Words are not enough,actions speak louder than words.
Re: Can I Remarry???...Your Advice Needed! by Nobody: 9:26pm On Apr 22, 2013
Princess zoe: If a man can go to the extend of getting married to another woman in order to make money, then that man values money more than his wife and marriage. Such a man can do anything just to make money. I mean any thing. Is just like a married women going into cheap prostitution or getting married to another man outside nigeria just to get money from him and this makes no sense. Marriage is a sacred thing. Is not a thing to be toiled with. A marriage is not to be used as a colateral inorder to secure greener pastures. A man that can go to unholy and a defiling height to secure money is not a good man. Such a man can use his wife or kids for ritual, he can even abandon them and move in with a richer woman. Besides this man in question has gotten a kid with the woman. Two kids from different women. Please madam check the next guy if he is ok to you, and will love your child marry him but make sure he doesnt value money more than you just like your US husband. A man that got married to another woman just because of material things dosent worth it and has completely defiled his marital vow. If you were the one that did it, will he wait for you? Will he still love and call you his wife? Make the right choice today.
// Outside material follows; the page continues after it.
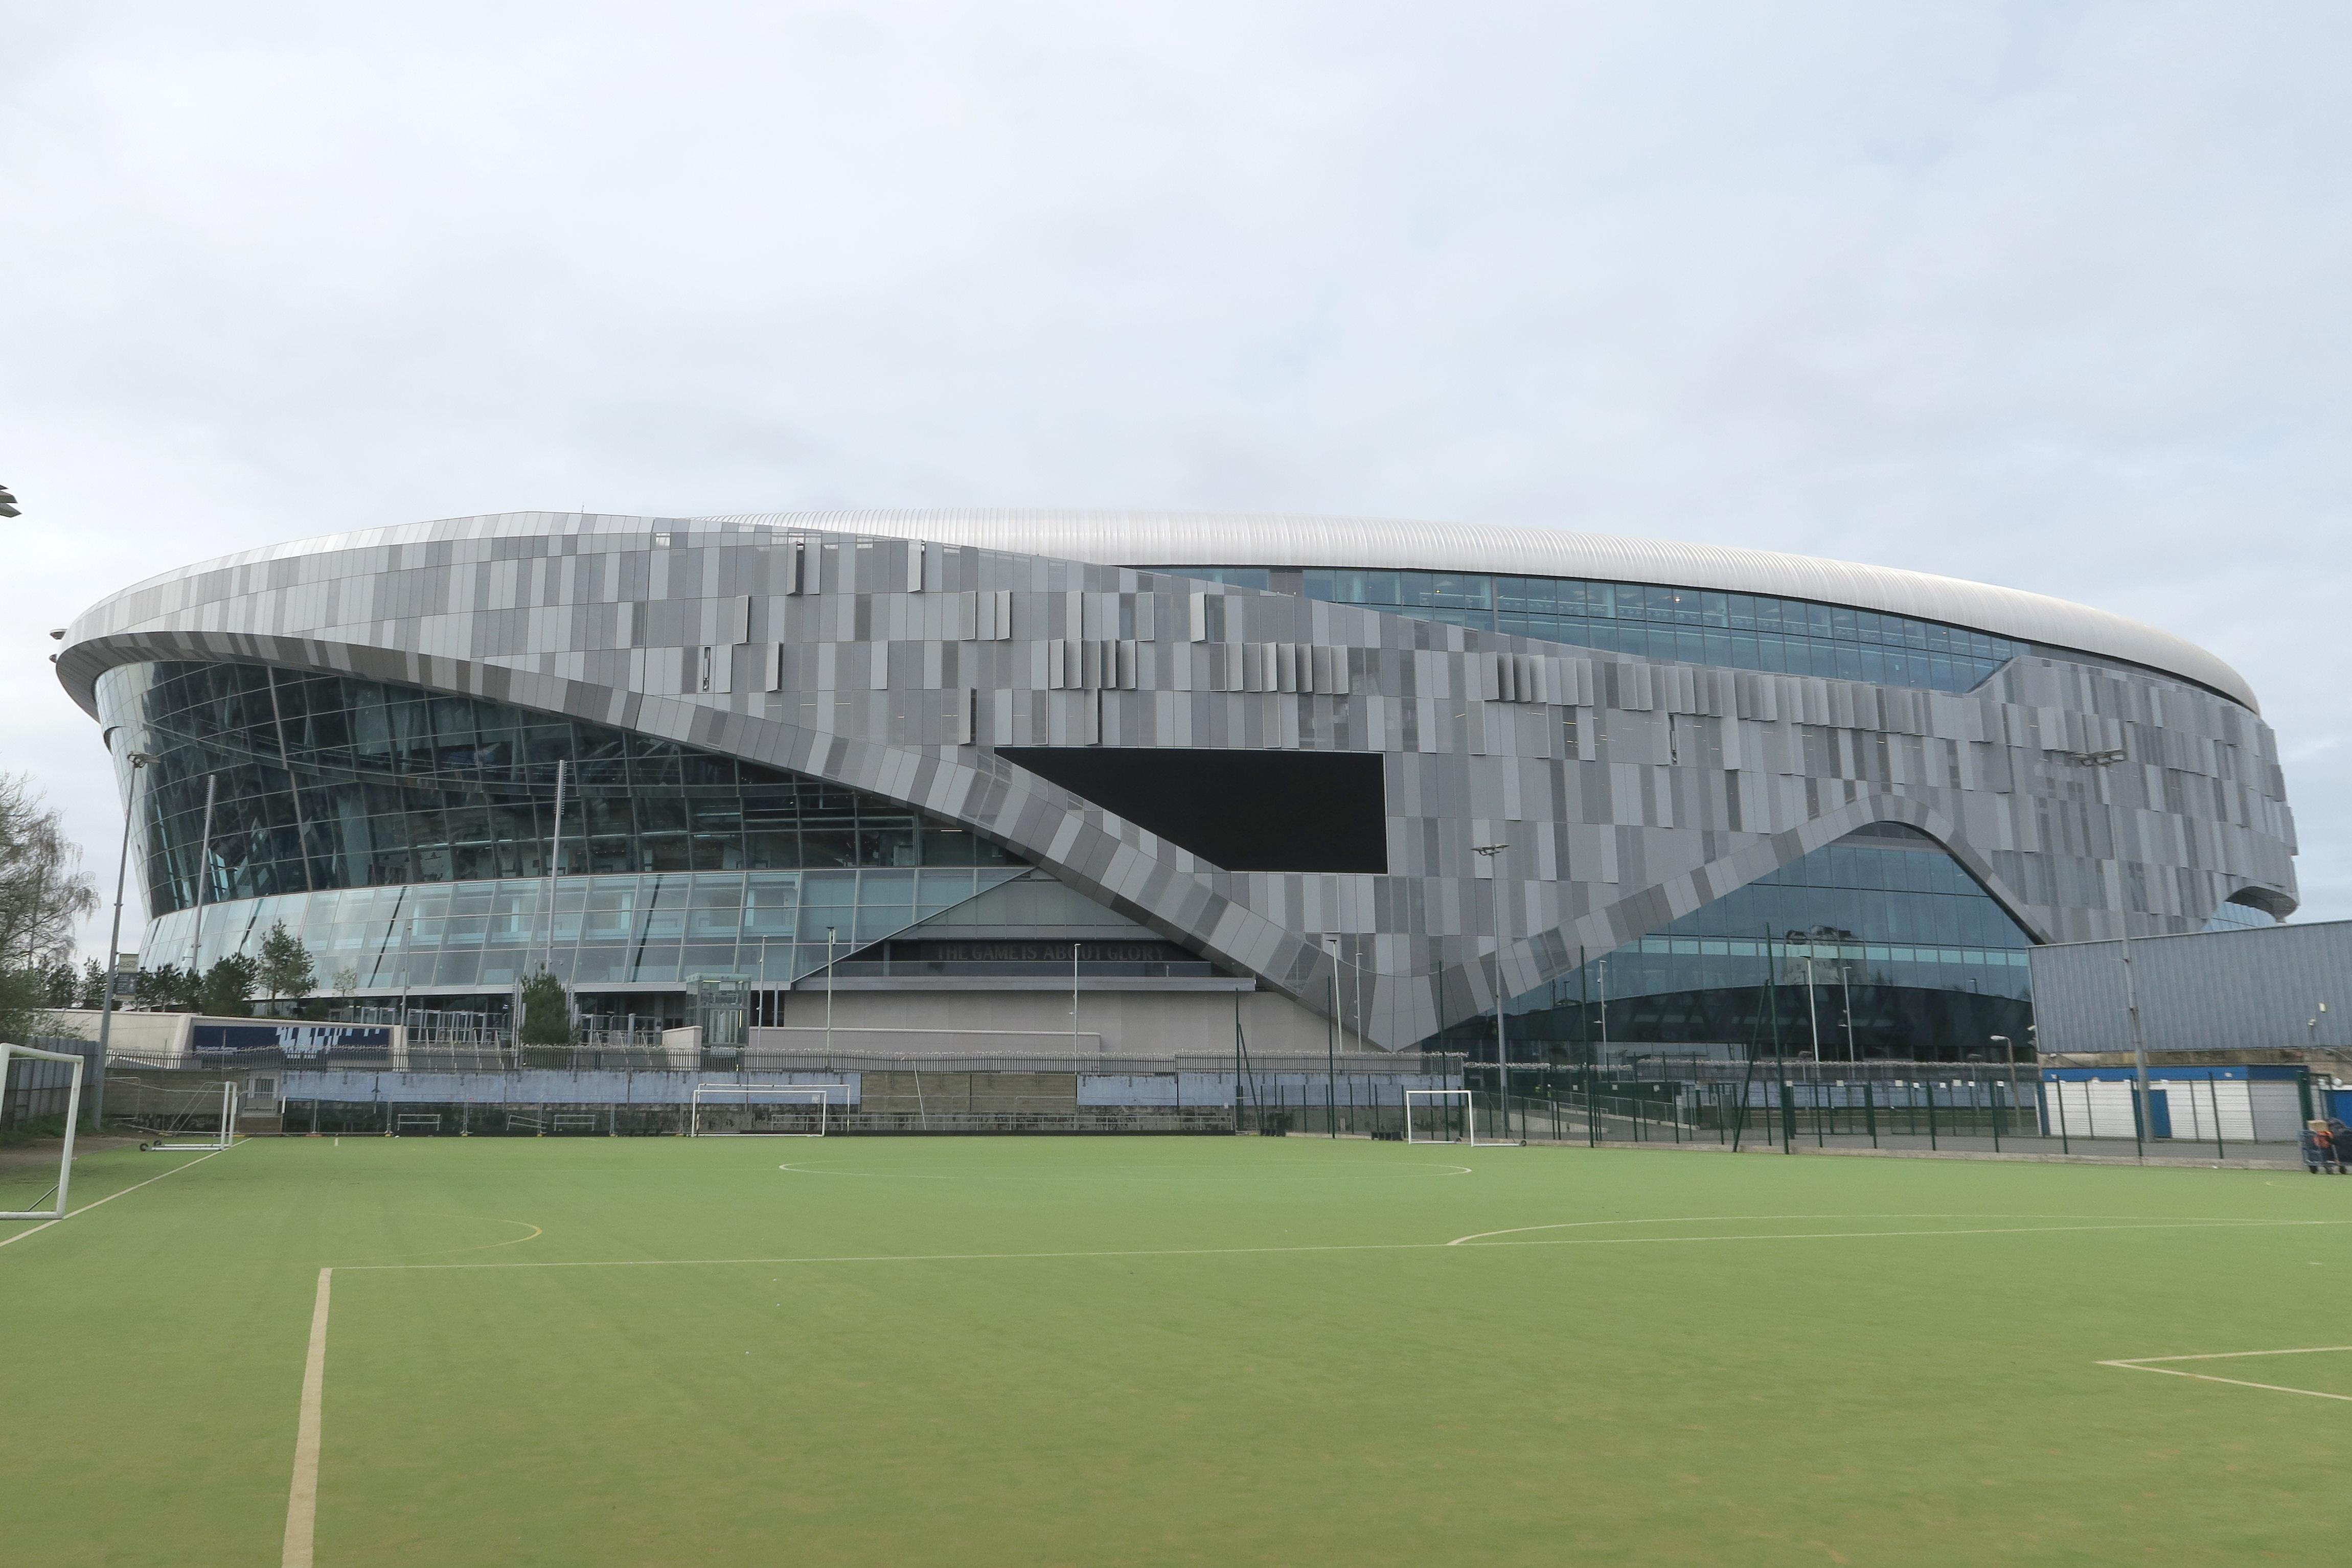 Tottenham_Hotspur_Stadium_March_2019_-_view_from_east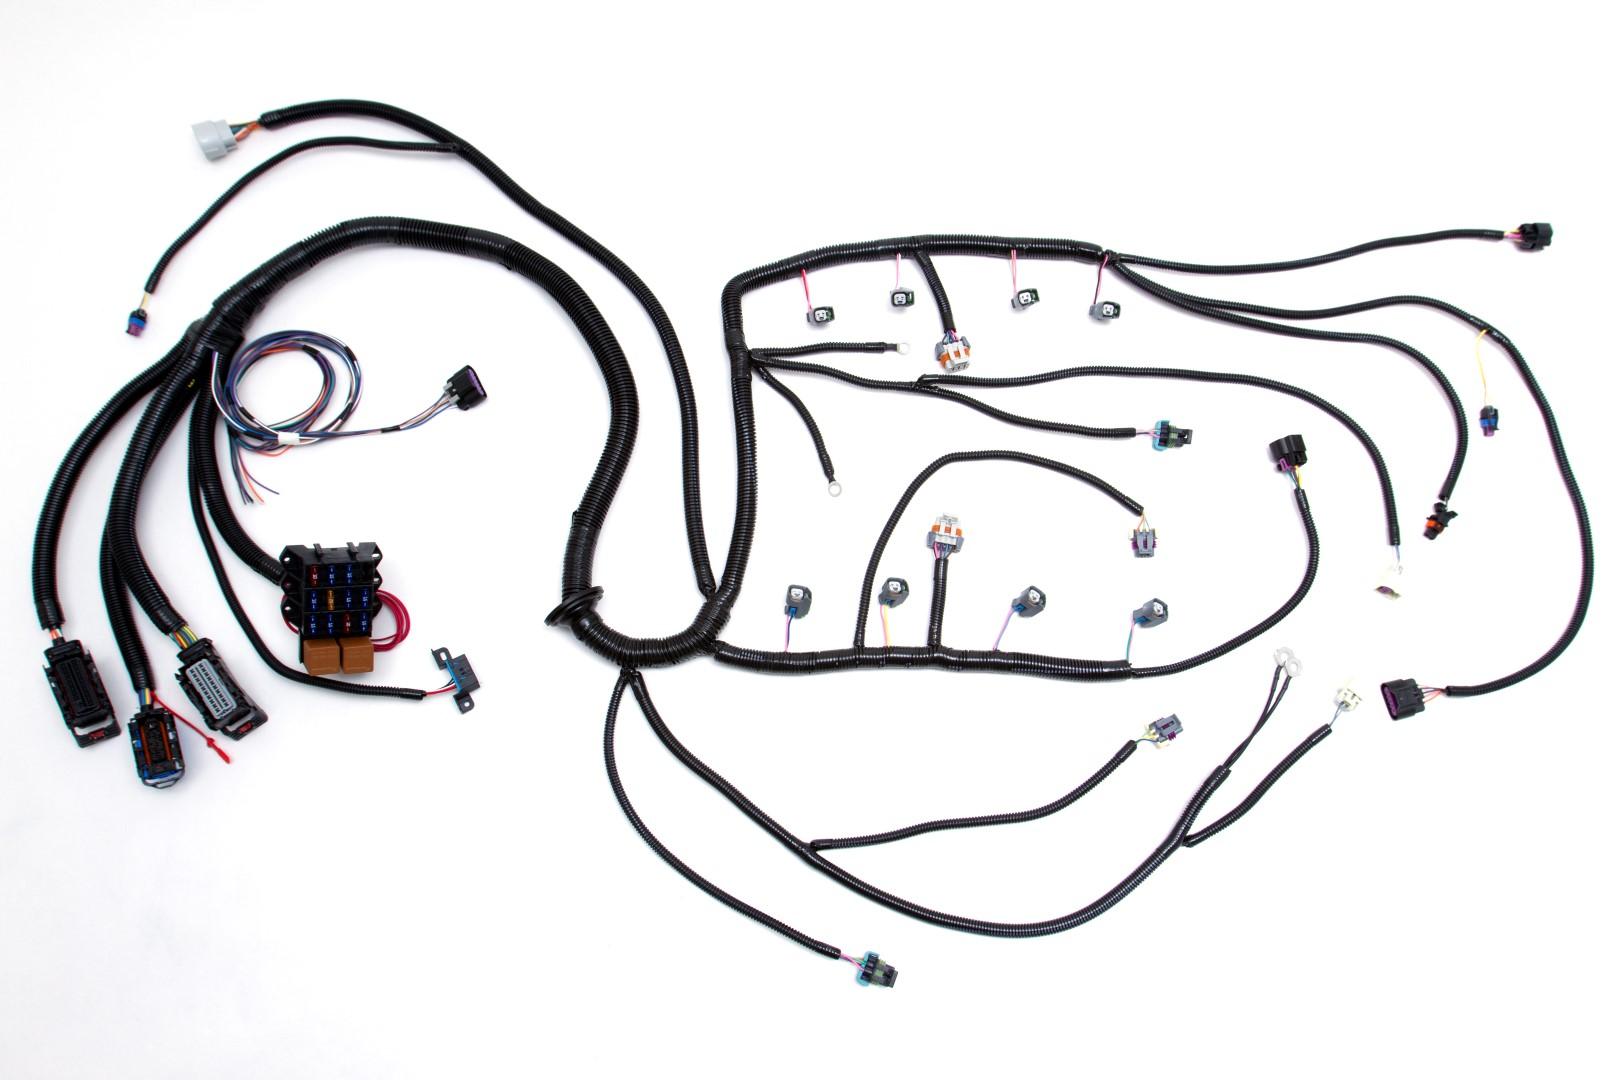 8E1097A73090570145AAE6C191051500 08 '09 l76 (6 0l) standalone wiring harness w 4l60e custom 4l60e wiring harness diagram at bakdesigns.co

this has everything i have to say. marriage is not about riches and wealth, its for better or worse. gbam
Re: Can I Remarry???...Your Advice Needed! by LebenNG: 4:31pm On Jul 26, 2021
tanidabi:
am sure the marriage was really to get papers,there are some decisions you take in life that only yu and your God should take it,it's not fair what he's done,i have an aunt in the same situation infact it's been over 10 yrs and they don't even have kids,she's already 45 and the man has settled down in us and has kids but my aunt is still hopeful that she will go and join them.I had a similar situation but this time in Uk,when i got tired i took a visa and went to uk myself,eventually it did not work,let him know you want to move on with your life that you are tired of waiting,maybe not divorce yet but you have a right to affection ,what do men take us for sef?log of woods that will stay faithful for 6yrs whle they are away with another woman?Do what you think is best for you,life is short jare.
whats the hope at the age of 45 to join one man who already has kids in US? this post is 2013, has she gone now?